Wednesday, 25 January 2023 21:02

As output declines, experts say US manufacturing entered recession




WASHINGTON D.C.: Based on a range of measurements, US manufacturing could have entered a recession in the fourth quarter of 2022, in line with a global decline in industrial output creating slack in commodity markets.

In both November and December, the Institute for Supply Management’s manufacturing purchasing managers’ index fell below 50 points, which is the threshold dividing expansion from contraction.

The Federal Reserve’s manufacturing production index declined in the same two months, with output down 0.4 percent at the end of 2022, compared with 2021.

In the three months ending in December 2022, producer price inflation for goods other than food and energy slowed to an annualized 4.2 percent from 11.5 percent in the three months ending in April 2022.

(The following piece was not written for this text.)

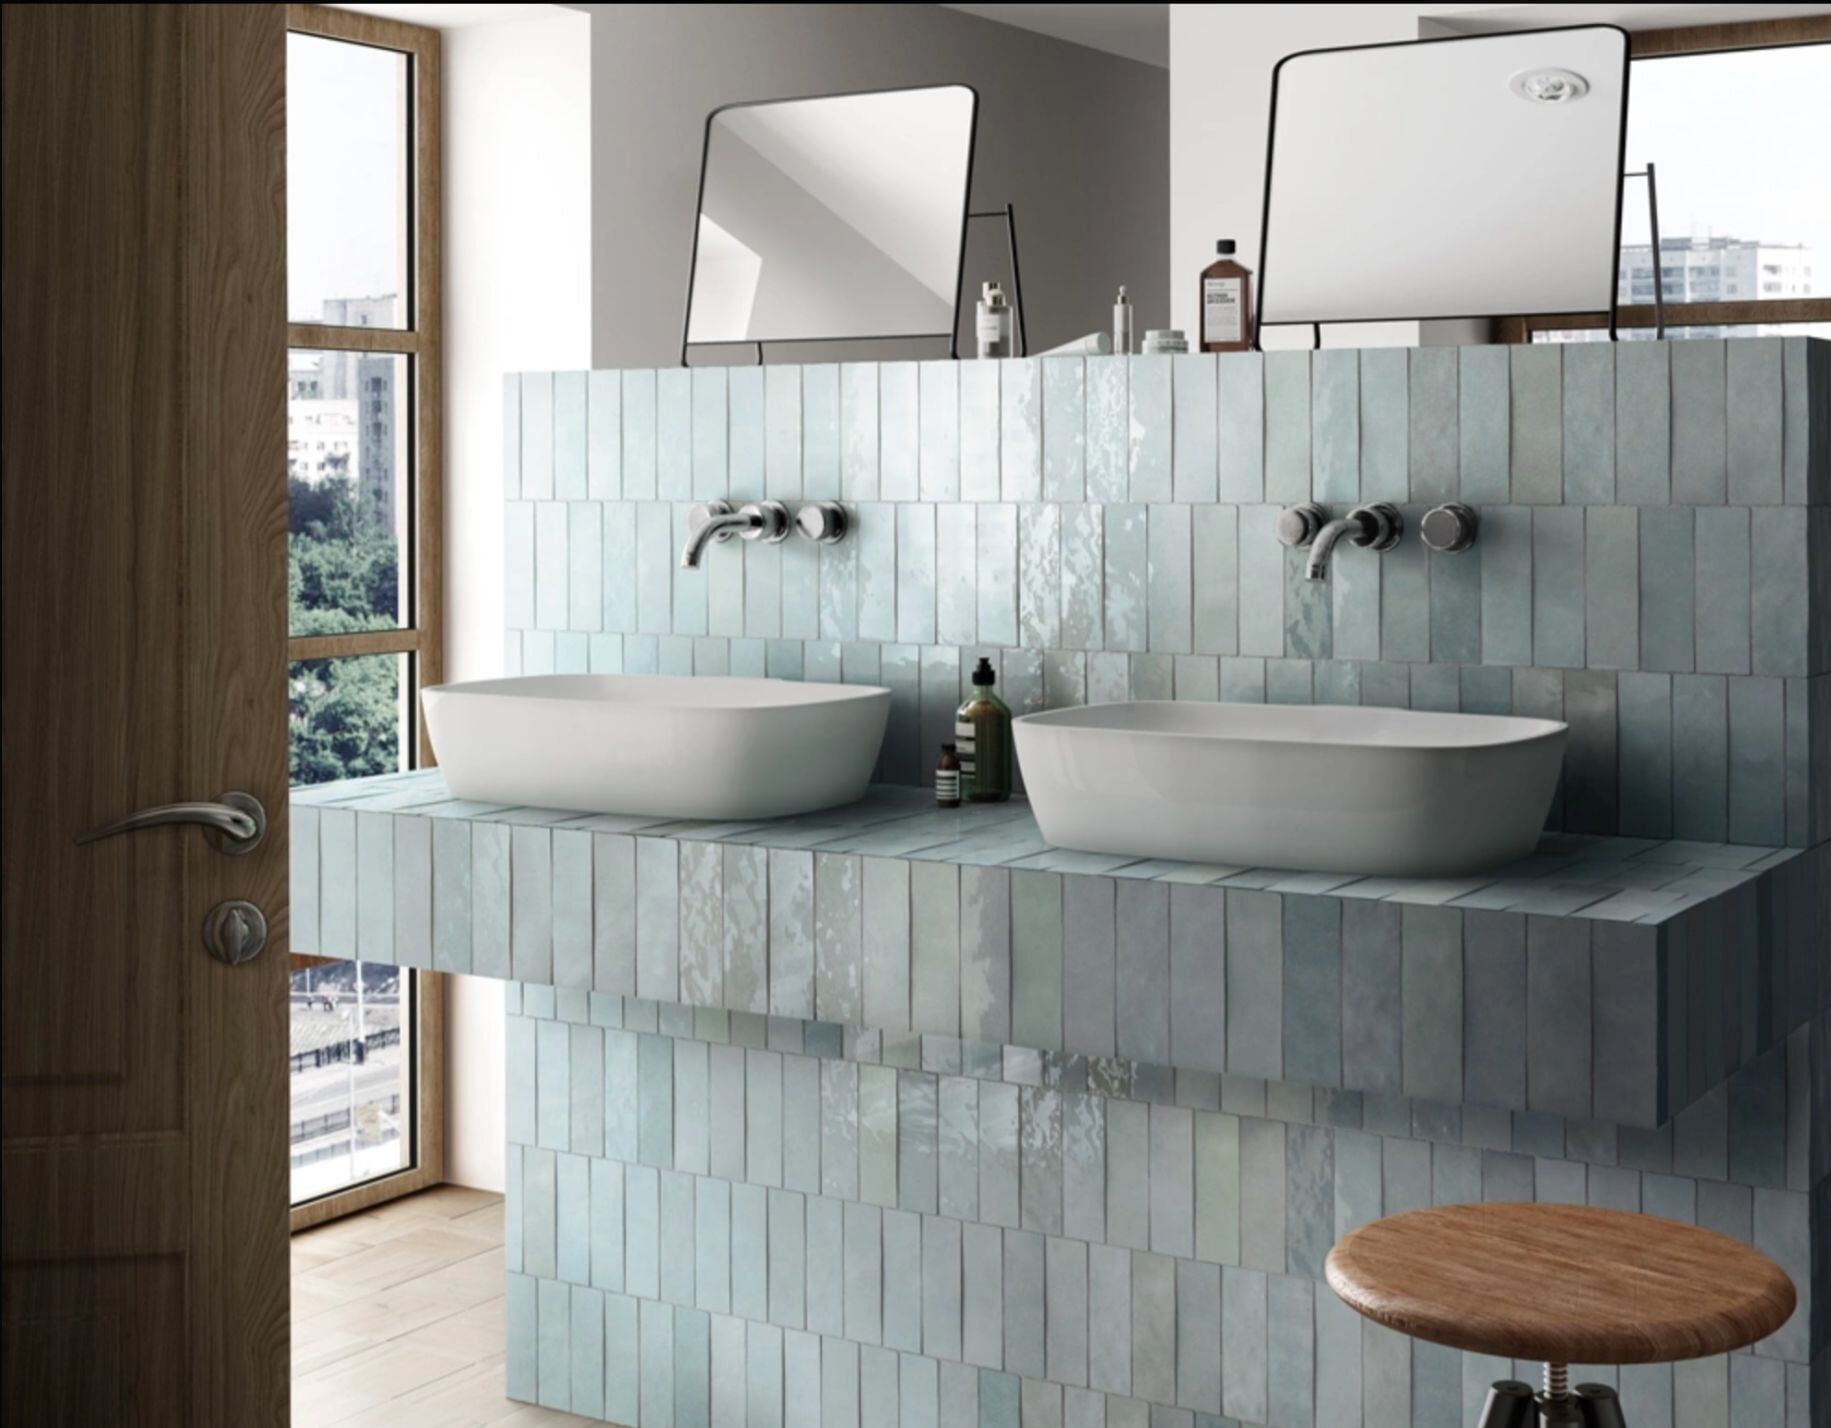 Green Bathroom Cabinetry Tiles — Tile Supplies in Alstonville in Alstonville, NSW

In the three months ending in December, manufacturing payrolls increased at an annualized 1.6 percent, down from an annualized 5.5 percent growth in the three months ending in April.

In November, container freight processed through the nine largest US ports slowed to 2.49 million twenty-foot equivalent units (TEUs) from 2.81 million in the same month a year earlier.

The most recent Association of American Railroads weekly data showed that containerized freight volumes were down 9 percent in the first two weeks of 2023 compared with the same period in 2022.

The manufacturing weakness in the US, Europe and China explains the slump in a broad range of commodity prices towards the end of 2022.

As real incomes continue to decline and interest rates increase, the downturn will likely worsen over the next few months, note experts.